Kotlin에 있는 Kafka Consumer에서 다음과 같은 질문을 받았습니다.

val messageCount = consumer.listTopics().entries.filter { it.key == topicName }
    .map {
        it.value.map { topicInfo -> TopicPartition(topicInfo.topic(), topicInfo.partition()) }
    }.map { consumer.endOffsets(it).values.sum() - consumer.beginningOffsets(it).values.sum()}
    .first()

매우 개략적인 코드입니다.지금 막 작업을 시작했는데 기본적으로는 엔딩 오프셋에서 토픽의 시작 오프셋을 빼면 토픽의 현재 메시지 수가 됩니다.

항목에서 오래된 메시지가 삭제될 수 있는 다른 구성(정리 정책, 보존-ms 등) 때문에 끝 오프셋에만 의존할 수는 없습니다.오프셋은 앞으로만 "이동"하므로 끝 오프셋에 더 가깝게 앞으로 이동하는 간격띄우기(또는 토픽에 메시지가 없는 경우 현재 동일한 값으로 이동)입니다.

기본적으로 끝 오프셋은 해당 항목을 통과한 전체 메시지 수를 나타내며, 두 항목 간의 차이는 현재 항목에 포함된 메시지 수를 나타냅니다.

Kafka Manager의 최신 버전에는 Summed Recent Offsets라는 제목의 컬럼이 있습니다.

Kafka 문서에서 발췌한 내용

0.9.0.0의 폐지

kafka-consumer-offset-checker.sh (kafka.tools)ConsumerOffsetChecker)는 더 이상 사용되지 않습니다.앞으로 kafka-consumer-groups.sh(kafka.admin)을 사용해 주세요.Consumer Group Command)를 참조하십시오.

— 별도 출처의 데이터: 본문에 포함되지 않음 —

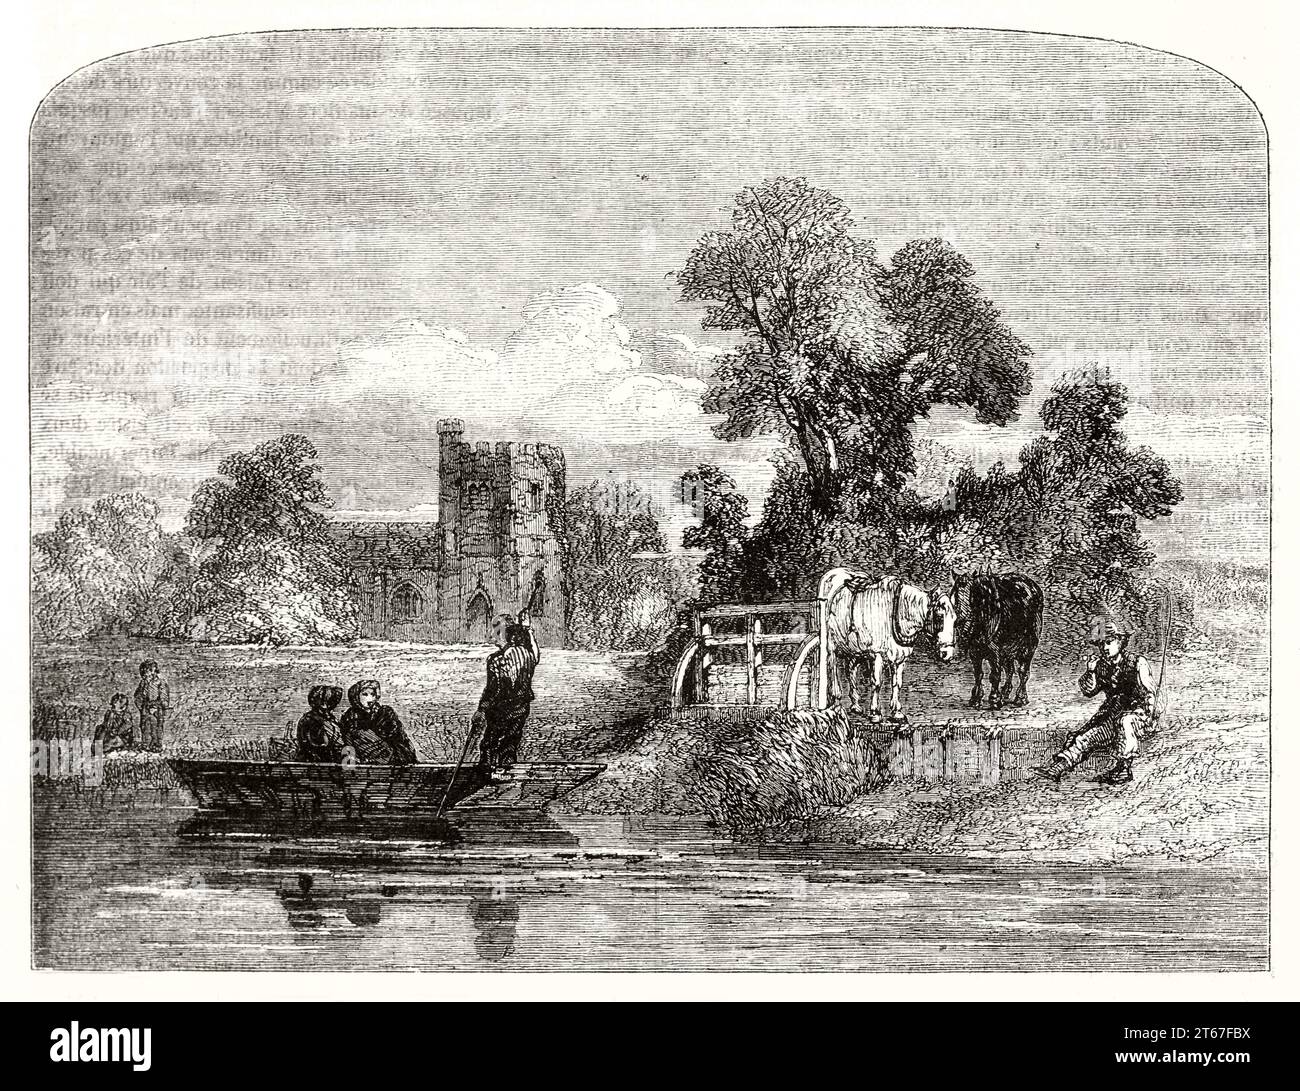 Vue ancienne ou rives de la Tamise, Angleterre. Par Dodgson, publ. Sur magasin pittoresque, Paris, 1851 Banque D'Images
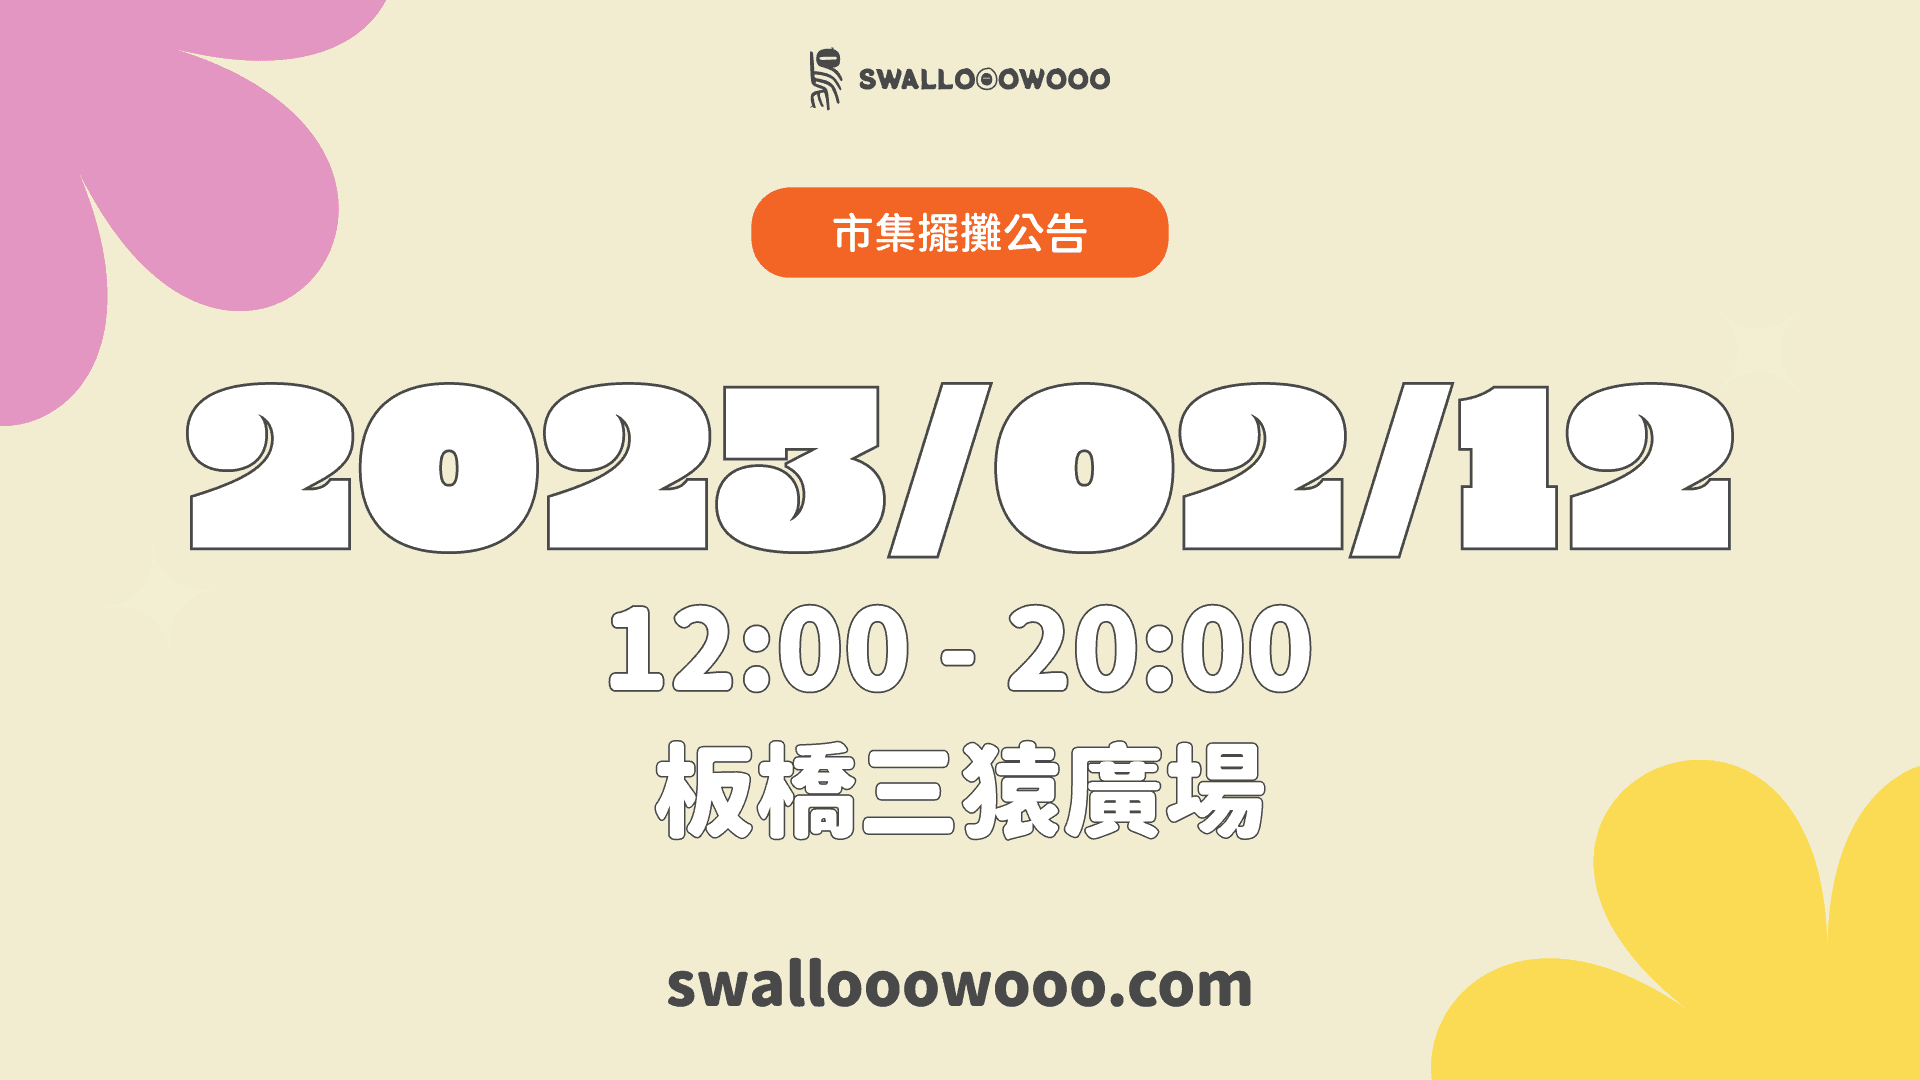 板橋三猿廣場-市集擺攤-1920-1080-bazaar-swallooowooo

서버와 클라이언트 양쪽에서 SSL을 유효하게 한 Kafka 브로커를 실행하고 있습니다.아래 명령어 사용

kafka-consumer-groups.sh --bootstrap-server Broker_IP:Port --list --command-config /tmp/ssl_config kafka-consumer-groups.sh --bootstrap-server Broker_IP:Port --command-config /tmp/ssl_config --describe --group group_name_x

여기서 /tmp/ssl_config는 다음과 같습니다.

security.protocol=SSL
ssl.truststore.location=truststore_file_path.jks
ssl.truststore.password=truststore_password
ssl.keystore.location=keystore_file_path.jks
ssl.keystore.password=keystore_password
ssl.key.password=key_password

서버의 JMX 인터페이스에 액세스 할 수 있는 경우, 시작 오프셋과 종료 오프셋은 다음과 같습니다.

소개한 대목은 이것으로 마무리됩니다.